RTB4FREE Details (Layer 3 - Data Management Platform)

Last updated: April 18, 2017

Overview

This is the Data Management Platform (DMP), the third layer of the DSP. Layer 1 is the Bidder, Layer 2 is the Campaign Manager and Layer 3 is the Data Management Platform. Features at a glance:

  1. Integrated with the open source Elasticsearch, Logstash, Kibana (ELK) stack.
  2. Search and view RTB transaction log details for requests, bids, wins, pixels, clicks and costs.
  3. Search and view RTB application log details for bidder and crosstalk.
  4. Out-of-the-box dashboard reports in Kibana.
  5. Standard campaign metrics viewable in the Campaign Manager.
  6. Create custom reports using Kibana.
  7. Open architecture allows integration with your own data analytics infrastructure.
  8. Standard data backup and maintenance processes included.
  9. Scale up horizontally by deploying clusters for ELK and Kafka.
  10. Commerical support and customization is available from this link

Because this is a Docker deployment you must have a working knowledge of Docker. You need Docker and Docker docker-compose installed. For information on Docker , look here.

System Configuration

All bidder logs are sent to Kafka, as shown in the following diagram.
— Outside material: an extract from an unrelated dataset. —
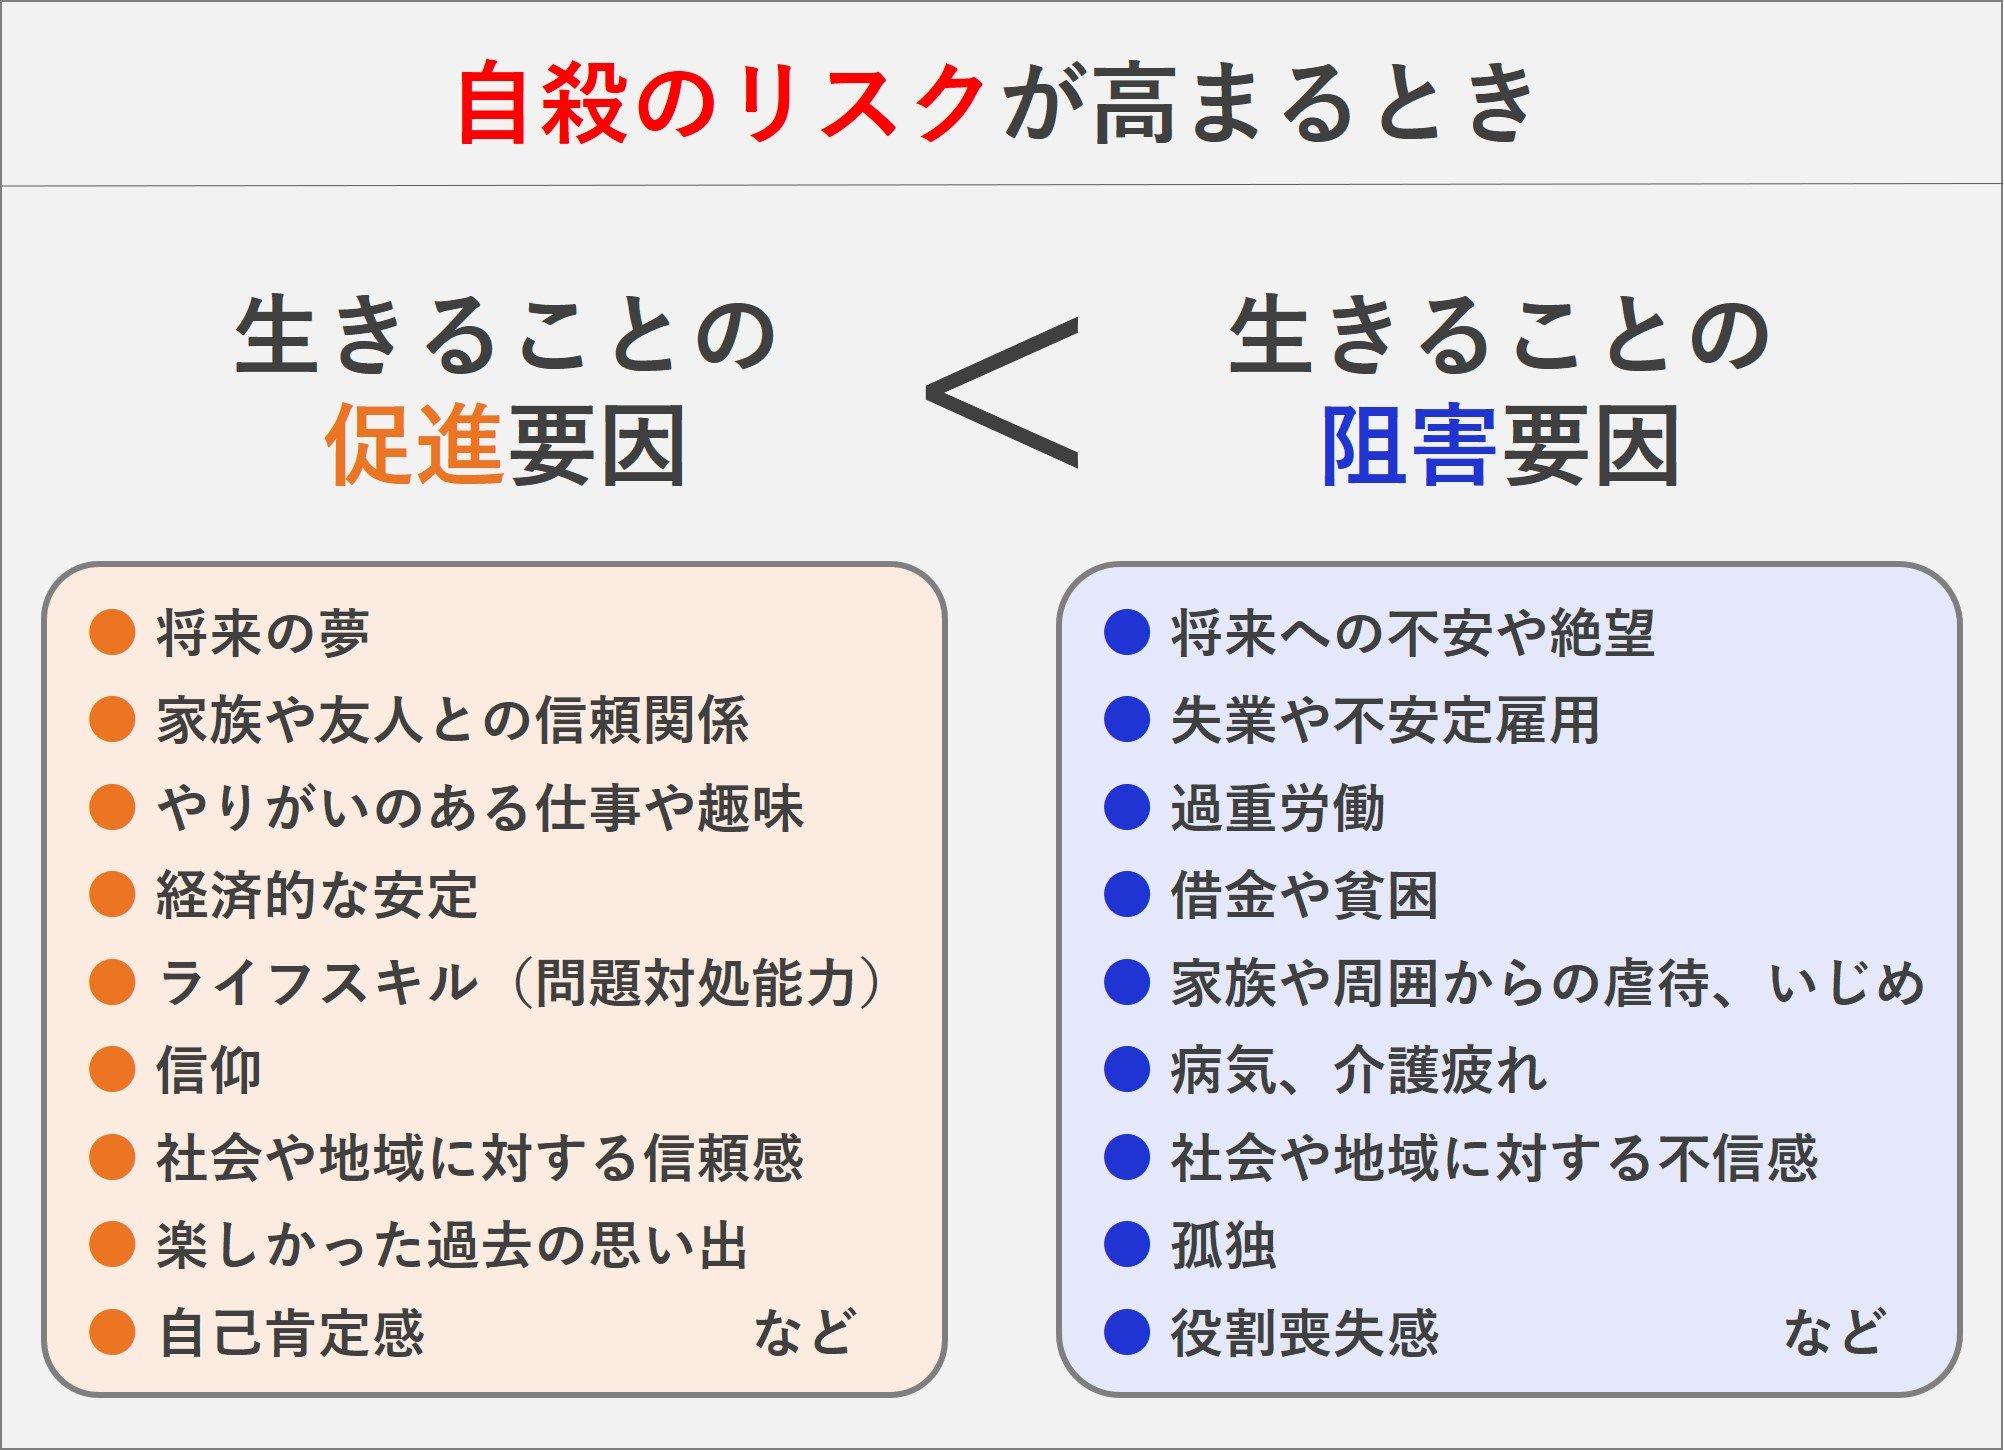 0330修正)生きることの促進要因と阻害要因の図_jpg.jpg

The system configuration depends on many parameters, including

  1. Bidder transaction rate (ie, queries per second).
  2. Performance of infrastructure.
  3. Available disk space.
  4. Historical data retention required.
  5. Granularity of data retained.

The RTB4FREE architucture can scale to support high data processing rates by horizontally scaling any of the following components.

  1. Bidder servers can be added as required to support additional SSP rates.
  2. Kafka, which is used for transport of data between bidders and data stores, can be clustered.
  3. Kafka consumers (such as Logstash) can be partitioned to share data transfer responsibilities.
  4. Elasticsearch can be clustered to accomodate increased data rates or storage requirements.
A detailed system configuration can be determined after understanding the detailed on the requirements.

Demo With PWD

Try the stand-alone DMP in the Docker Playground below:

Try in PWD

Once the containers start, you can access Kibana at the container's IP address on port 5601. The demo Elasticsearch database has been preloaded with data so you can see how RTB logs appear in Kibana visualizations.

Kibana Visualizations

The initial Kibana view is Discover.

The RTB log records can be searched by selecting the corresponding index from the dropdown list, then entering a Lucene query in the seach input box. The following record types can be selected.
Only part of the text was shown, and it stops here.